3.4 KiB
llm-connect Feature Requests
Raised by: IHF Phase 11 — Advanced AI Federation (IHUB-WP-0012) Date: 2026-04-01
These gaps were identified during integration of llm-connect into the Interaction Hub Framework (IHF) as a subprocess bridge for multi-agent federation. None are blockers for Phase 11, but they affect performance and architectural elegance.
FR-1 — HTTP/JSON-RPC serve mode
Problem: The current architecture requires spawning a new python3 scripts/llm_bridge.py process for every agent invocation. This adds
significant overhead in production when collective proposals invoke 3–5
agents in sequence.
Proposed API:
python -m llm_connect.server --port 9999
IHP (Haskell) would call POST localhost:9999/execute with the same JSON
payload the bridge script currently reads from stdin.
Impact: Eliminates process spawn overhead. A single persistent server process handles all requests in the session lifetime.
FR-2 — RoutingPolicy class for declarative provider/model selection
Problem: RunConfig.model_name is the only selection mechanism. IHF
needs declarative routing rules — e.g. "for triage tasks, prefer
openrouter/claude-haiku-4-5; fall back to gemini if cost exceeds 0.5/1k
tokens; never use auto_apply trust agents for autonomous actions".
Proposed API:
from llm_connect import RoutingPolicy
policy = RoutingPolicy(rules=[
{
"task_type": "triage",
"prefer": [{"provider": "openrouter", "model": "claude-haiku-4-5"}],
"max_cost_per_1k": 0.5,
"fallback": {"provider": "gemini", "model": "gemini-flash-1.5"},
}
])
adapter = policy.resolve(task_type="triage")
Impact: Moves routing logic into llm-connect instead of duplicating it
in every consumer (currently IHF implements this in ModelRouter.hs).
FR-3 — async_execute_prompt() for concurrent execution
Problem: Collective proposals invoke agents sequentially because
execute_prompt is synchronous. With 3–5 agents this is 3–5× slower than
necessary.
Proposed API:
import asyncio
from llm_connect import create_adapter
async def main():
adapters = [create_adapter(...) for _ in agents]

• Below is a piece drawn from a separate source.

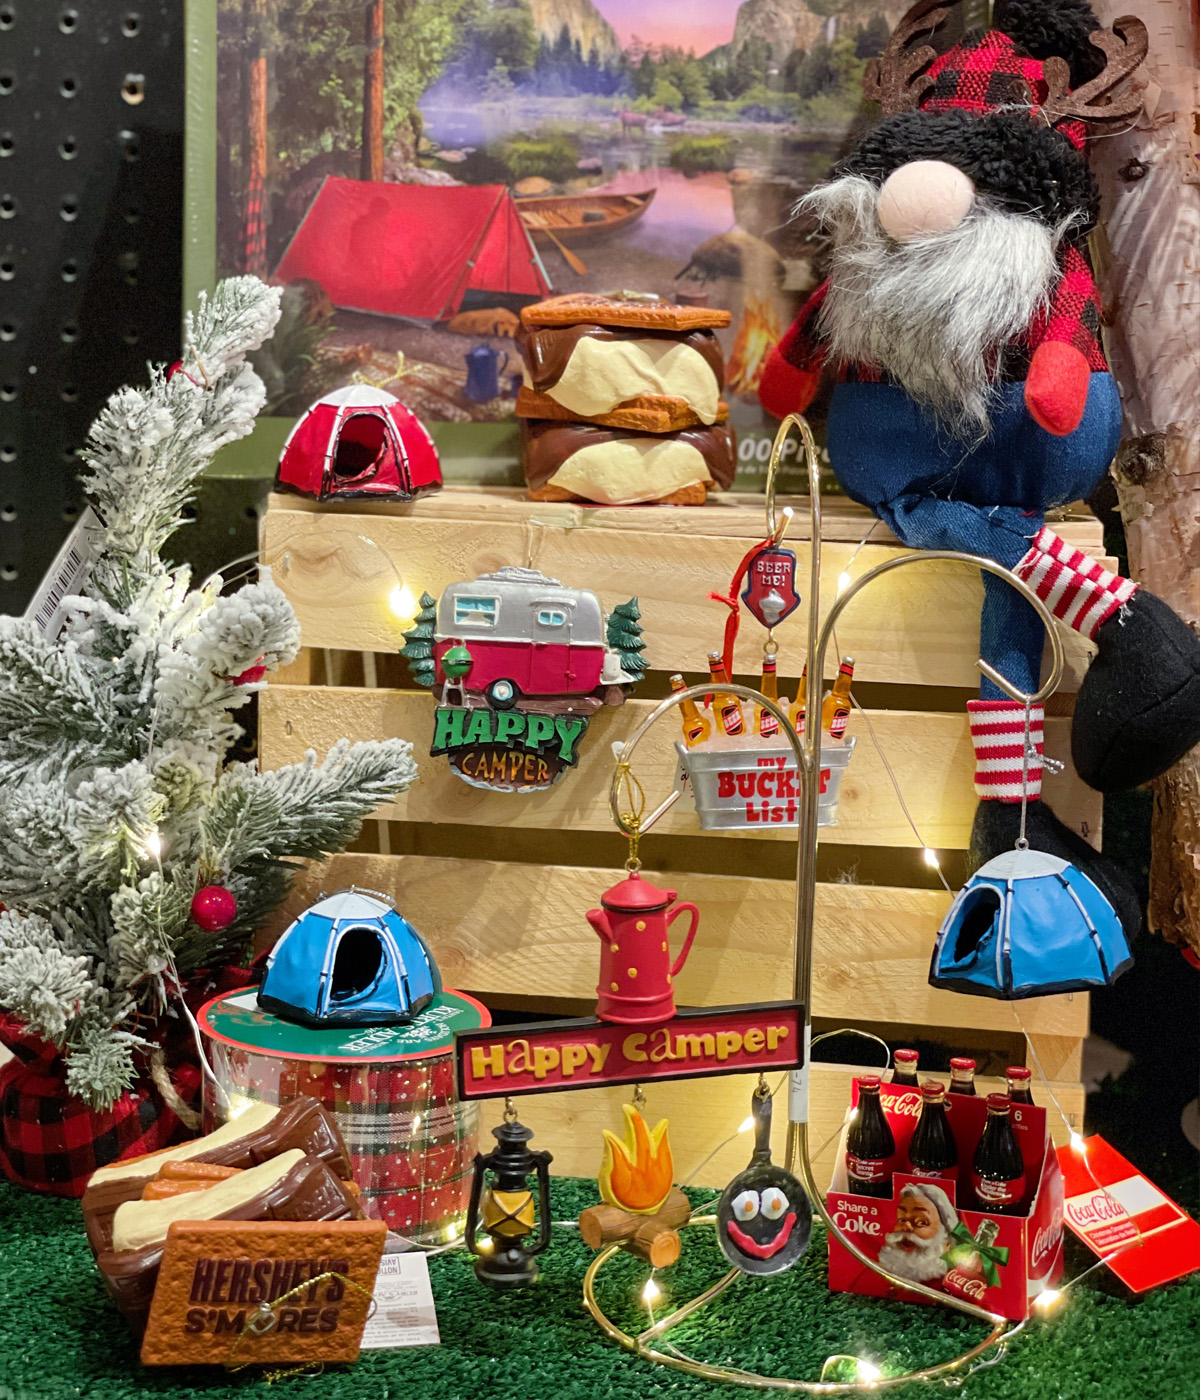 For all of the camping enthusiasts, we have a variety of camping ornaments for your Christmas tree!

responses = await asyncio.gather(*[
a.async_execute_prompt(prompt, config) for a in adapters
])
Standard asyncio coroutine interface, same signature as execute_prompt.
Impact: Collective proposal latency scales with the slowest agent rather than the sum of all agent latencies.
FR-4 — BudgetTracker for delegation chains
Problem: IHF's inter-agent delegation model enforces token budgets at
the Haskell layer (AgentDelegation.tokenBudget), but the bridge itself
has no concept of a shared budget. A delegation chain (A → B → C) cannot
enforce that the total token spend stays below a cap set by A.
Proposed API:
from llm_connect import BudgetTracker, RunConfig
tracker = BudgetTracker(total=4000)
config = RunConfig(model_name="...", budget_tracker=tracker)
# Subsequent calls on any adapter sharing this tracker will raise
# LLMBudgetExceededError if the cumulative spend exceeds 4000 tokens.
resp = adapter.execute_prompt(prompt, config)
LLMBudgetExceededError should be a subclass of LLMError so existing
error handling catches it.
Impact: Budget enforcement moves into the bridge layer where it can be applied uniformly across all providers, rather than requiring each consumer to track it manually.